Luckily, we don’t need a full-fledged locking mechanism for this situation because we don’t need to worry about truly parallel processes interacting with the files. We can implement a simple queue, and JavaScript’s single-threaded event loop model ensures that updates to the queue’s state are atomic, avoiding the kind of fine-grained race conditions we would have to account for in a multi-process environment.

As a simple optimisation, if there is already a read in the queue and the code calls read() again, it just gets the existing promise.

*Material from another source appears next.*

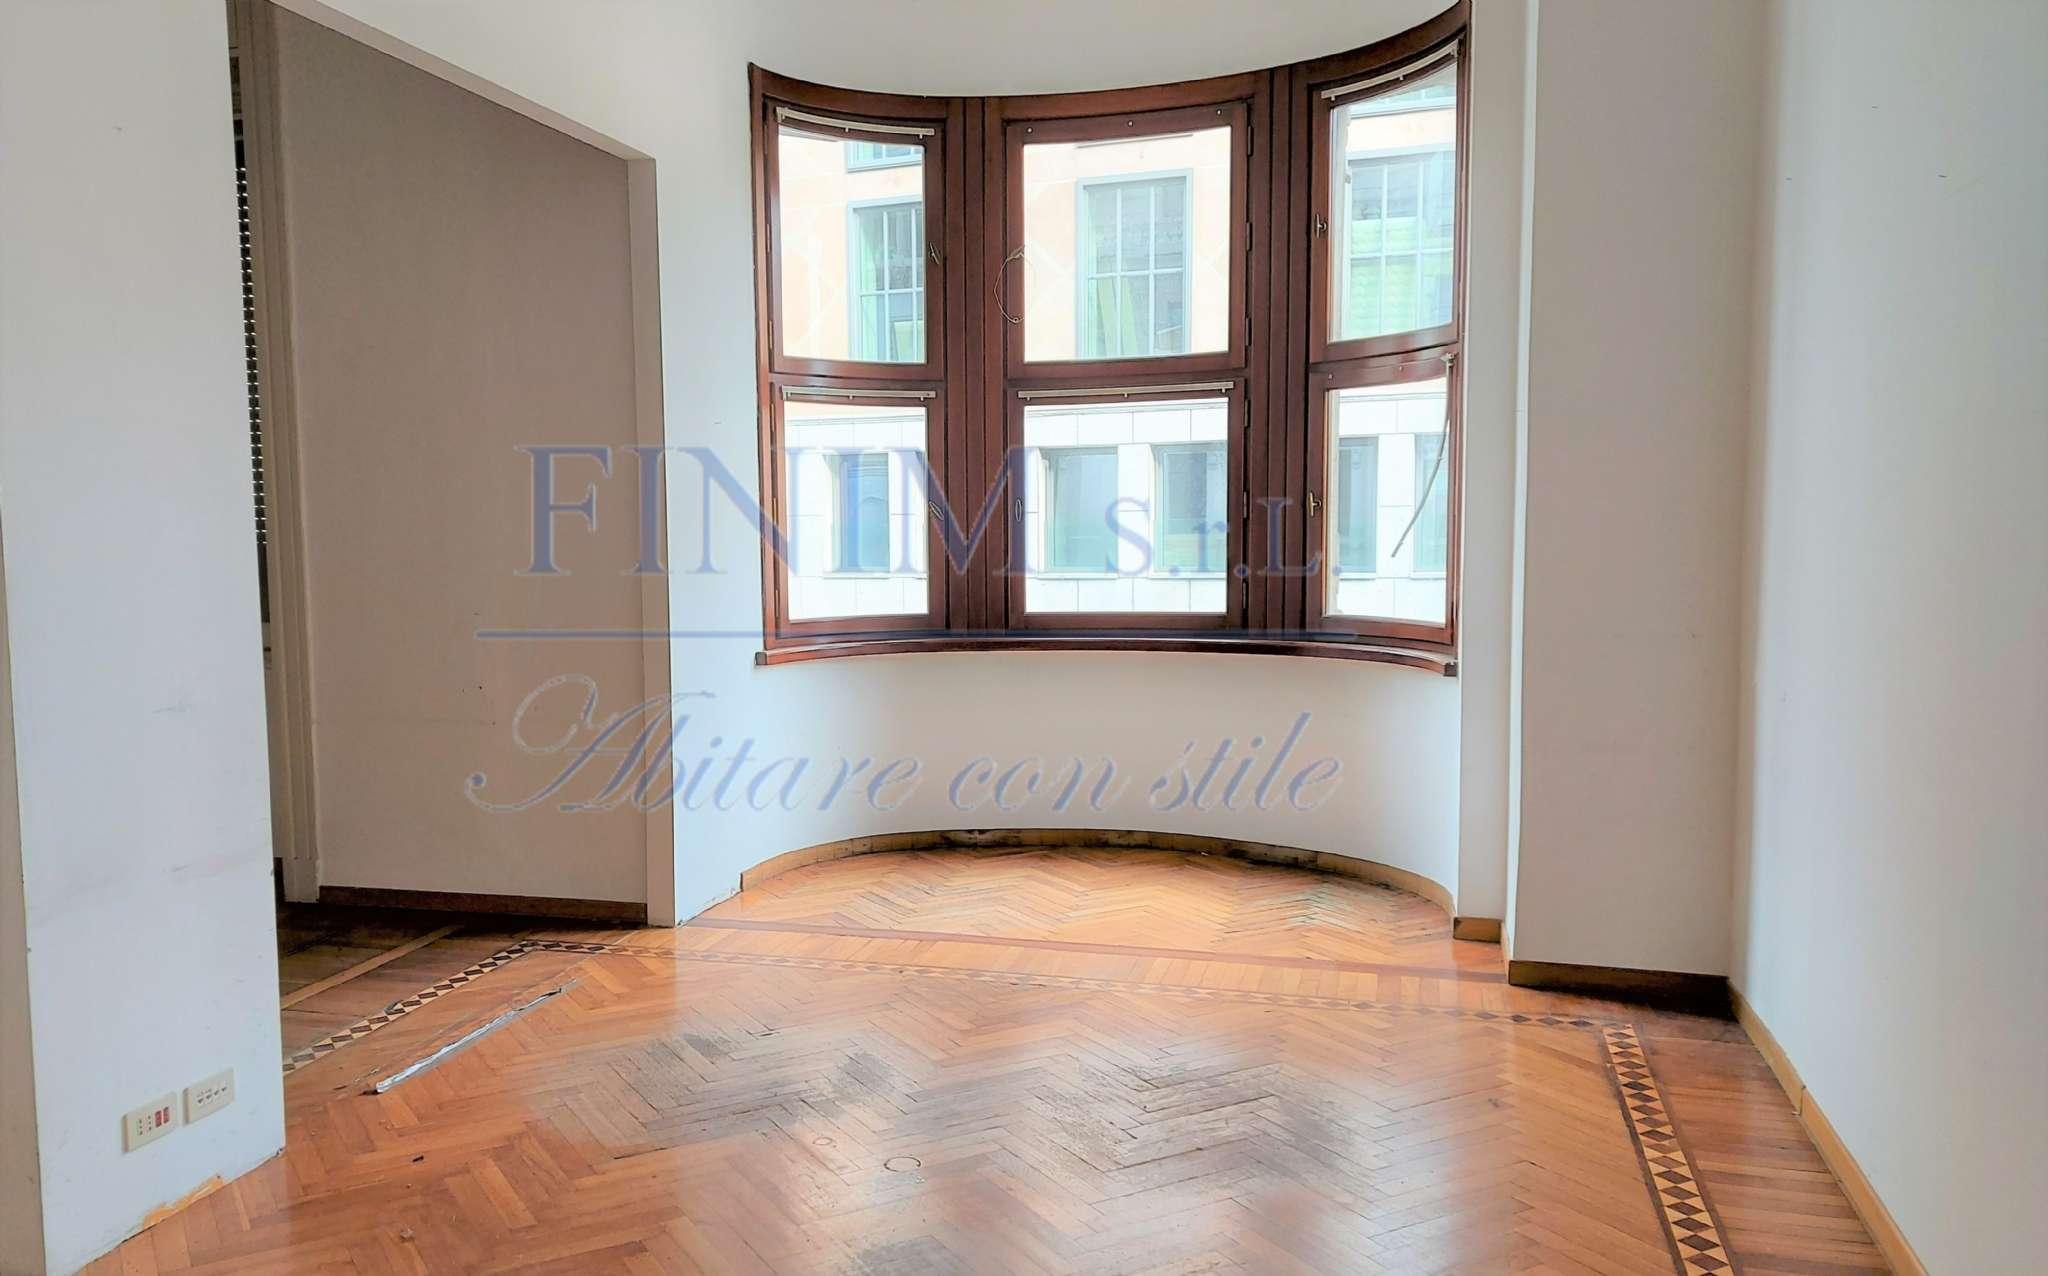 Ufficio-studio in Affitto a Milano 01 Centro storico (Cerchia dei Navigli): 5 locali, 580 mq

As a rough illustration, the code I have currently works like this (untested):

// one queue per file path
let queues = {};

let api = {
	async read(path) {
		/*
		reads can share a task, as there's no point reading the same data
		twice
		*/
		
		let existingTask = queues[path]?.find(task => task.type === "read");
		
		if (existingTask) {
			return existingTask.promise;
		}
		
		let task = {
			type: "read",
			promise: promiseWithMethods(),
			inProgress: false,
		};
		
		api.getQueue(path).push(task);
		
		api.checkQueue(path);
		
		return task.promise;
	}
	
	async write(path, data) {
		let task = {
			type: "write",
			data,
			promise: promiseWithMethods(),
			inProgress: false,
		};
		
		api.getQueue(path).push(task);
		
		api.checkQueue(path);
		
		return task.promise;
	}
	
	async checkQueue(path) {
		let queue = queues[path];
		let task = queue[0];
		
		if (task.inProgress) {
			// if there is a task in progress, we'll recur once it's done
			// to process the next task
			
			return;
		}
		
		// we have a task waiting and it hasn't been started yet; start it
		
		task.inProgress = true;
		
		try {
			if (task.type === "read") {
				task.promise.resolve(await api._read(path));
			} else {
				task.promise.resolve(await api._write(path, task.data));
			}
			
			// finally clause below is executed before any other promise
			// callbacks are called/awaits resumed
		} catch (e) {
			task.promise.reject(e);
		} finally {
			queue.shift();
			
			if (queue.length > 0) {
				api.checkQueue(path);
			} else {
				delete queues[path];
			}
		}
	}
	
	async _read(path) {
		return (await fs.readFile(path)).toString();
	}
	
	async _write(path, data) {
		return await fs.writeFile(path, data);
	}
}

/*
util - Promise that can be resolved/rejected from outside
*/

function promiseWithMethods() {
	let resolve;
	let reject;
	
	let promise = new Promise(function(res, rej) {
		resolve = res;
		reject = rej;
	});
	
	promise.resolve = resolve;
	promise.reject = reject;
	
	return promise;
}

One subtlety that has to be considered when writing the logic above is the order in which promise callbacks are called, or awaits are resumed, when promises are settled. Fortunately, in JavaScript this works as you would hope: callbacks are called in the order they’re added, which means that code immediately following the original await of a promise is executed before any awaits or then()s that are added subsequently. This means that from the perspective of code outside of checkQueue, there is never a state where a task is complete but hasn’t been removed from the queue yet.